Merger Scheme Details
The proposed scheme involves the arrangement between Royal Cushion Vinyl Products Limited as the transferee company and Natroyal Industries Private Limited as the transferor company, along with their respective shareholders and creditors. The merger is being conducted under Sections 230-232 of the Companies Act, 2013, read with applicable rules.
| Parameter | Details |
|---|---|
| Transferee Company | Royal Cushion Vinyl Products Limited |
| Transferor Company | Natroyal Industries Private Limited |
| Legal Framework | Sections 230-232, Companies Act 2013 |
| BSE Letter Date | December 15, 2025 |
| Observation Status | No adverse observations |
The Board had initially approved this scheme on March 26, 2025, subject to receiving applicable regulatory and other approvals. The BSE observation letter represents a crucial regulatory milestone in the merger process.

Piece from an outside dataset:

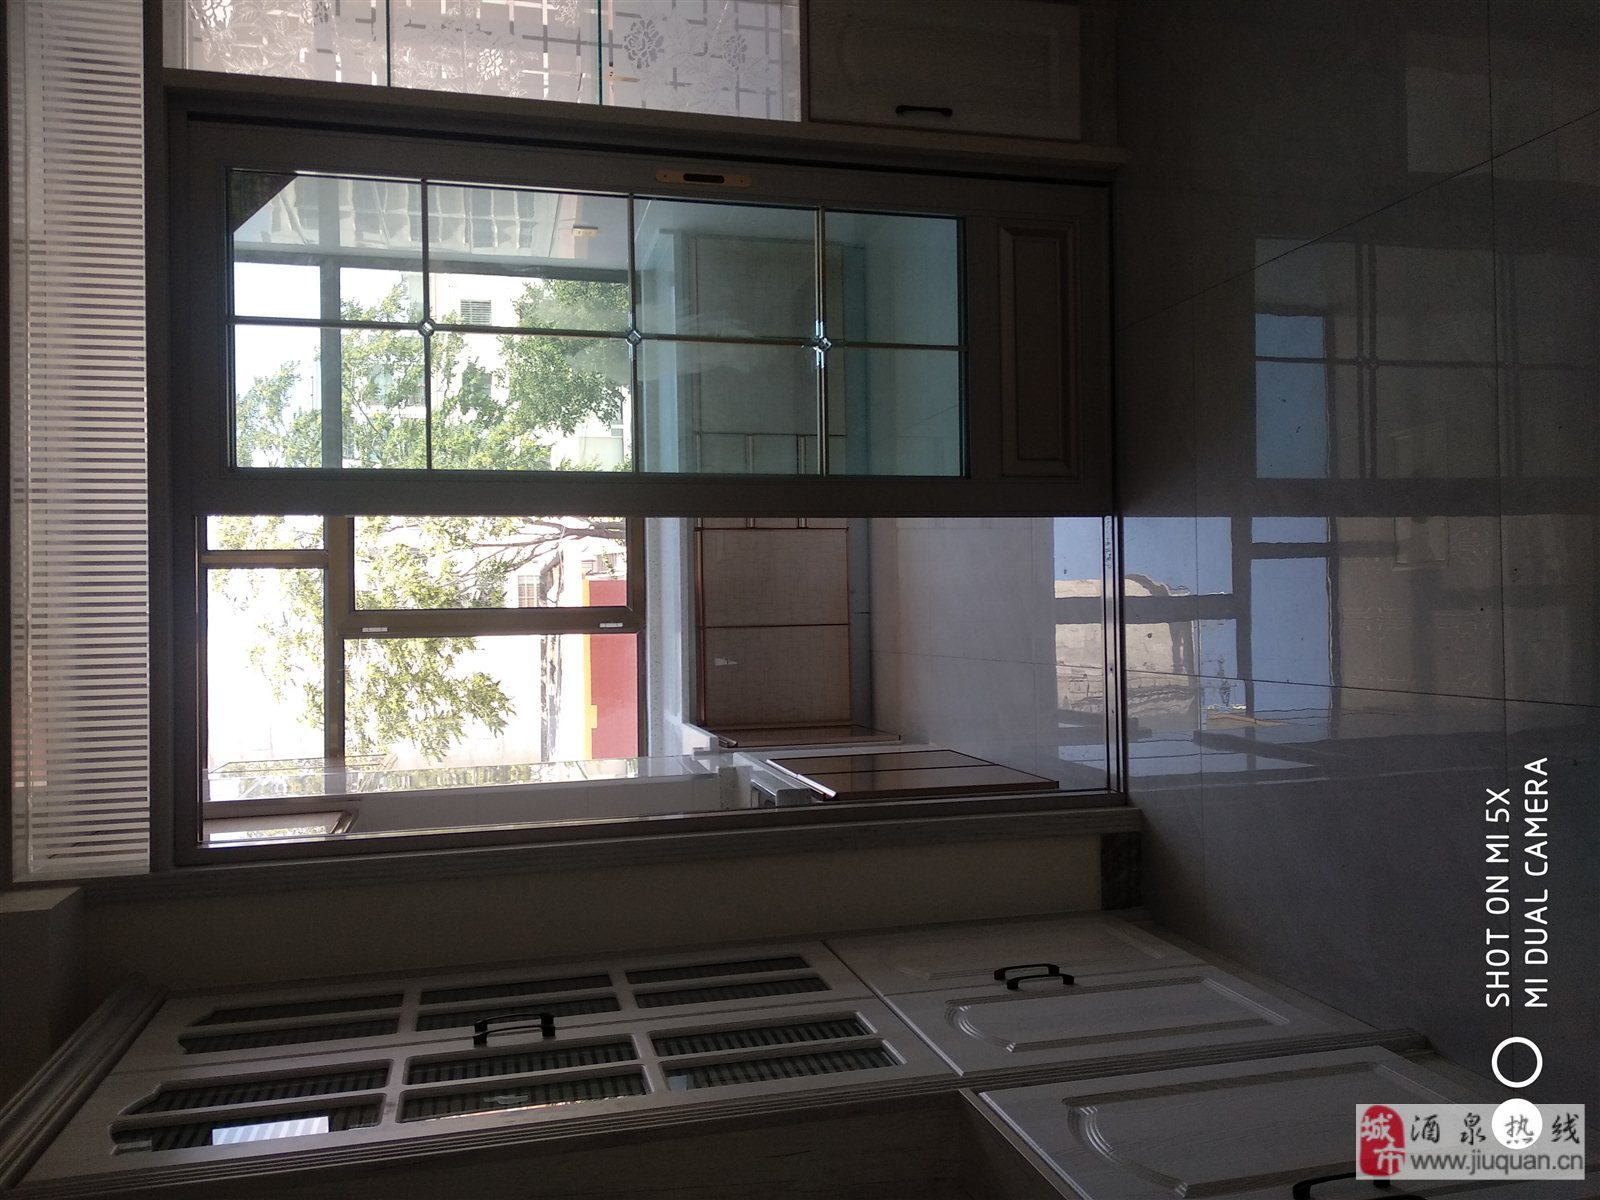 汉王酒店附近精装地暖房2室 1厅 1卫31.8万元

Regulatory Compliance Requirements
BSE has outlined comprehensive compliance requirements that the company must fulfill. The exchange emphasized that the proposed composite scheme must comply with Regulation 11 of SEBI (Listing Obligations and Disclosure Requirements) Regulations, 2015.
Key compliance areas include:
- Complete disclosure of ongoing adjudication, recovery proceedings, and enforcement actions against both companies, their promoters, and directors
- Display of additional information on company and stock exchange websites
- Prohibition of changes to the draft scheme except those mandated by regulators
- Inclusion of unlisted company information in abridged prospectus format
- Financial statements not older than six months from the scheme date
Disclosure and Documentation Standards
The exchange has mandated specific disclosure requirements for shareholder communication. The company must provide detailed explanations in the explanatory statement accompanying the resolution, including:
| Disclosure Requirement | Description |
|---|---|
| Scheme Explanation | Simple explanation of the arrangement |
| Rationale | Objectives underlying the proposed scheme |
| Impact Analysis | Detailed explanation of shareholder impact |
| Cost-Benefit Analysis | Anticipated benefits versus associated costs |
| Financial Information | Latest financials of both companies |
| Shareholding Details | Pre and post-scheme promoter holdings |
Financial and Valuation Disclosures
The company must disclose comprehensive financial information including revenue, profit after tax, and EBITDA for both entities over the last three financial years. Additionally, details of the registered valuer issuing the valuation report and merchant banker providing fairness opinion must be included, along with share exchange ratio methodology.
Timeline and Next Steps
The BSE observation letter carries a validity period of six months from December 15, 2025, within which the scheme must be submitted to the National Company Law Tribunal (NCLT). The company has uploaded the observation letter on BSE's website under the Corporates Corporate Filing Scheme section as required under Regulation 37.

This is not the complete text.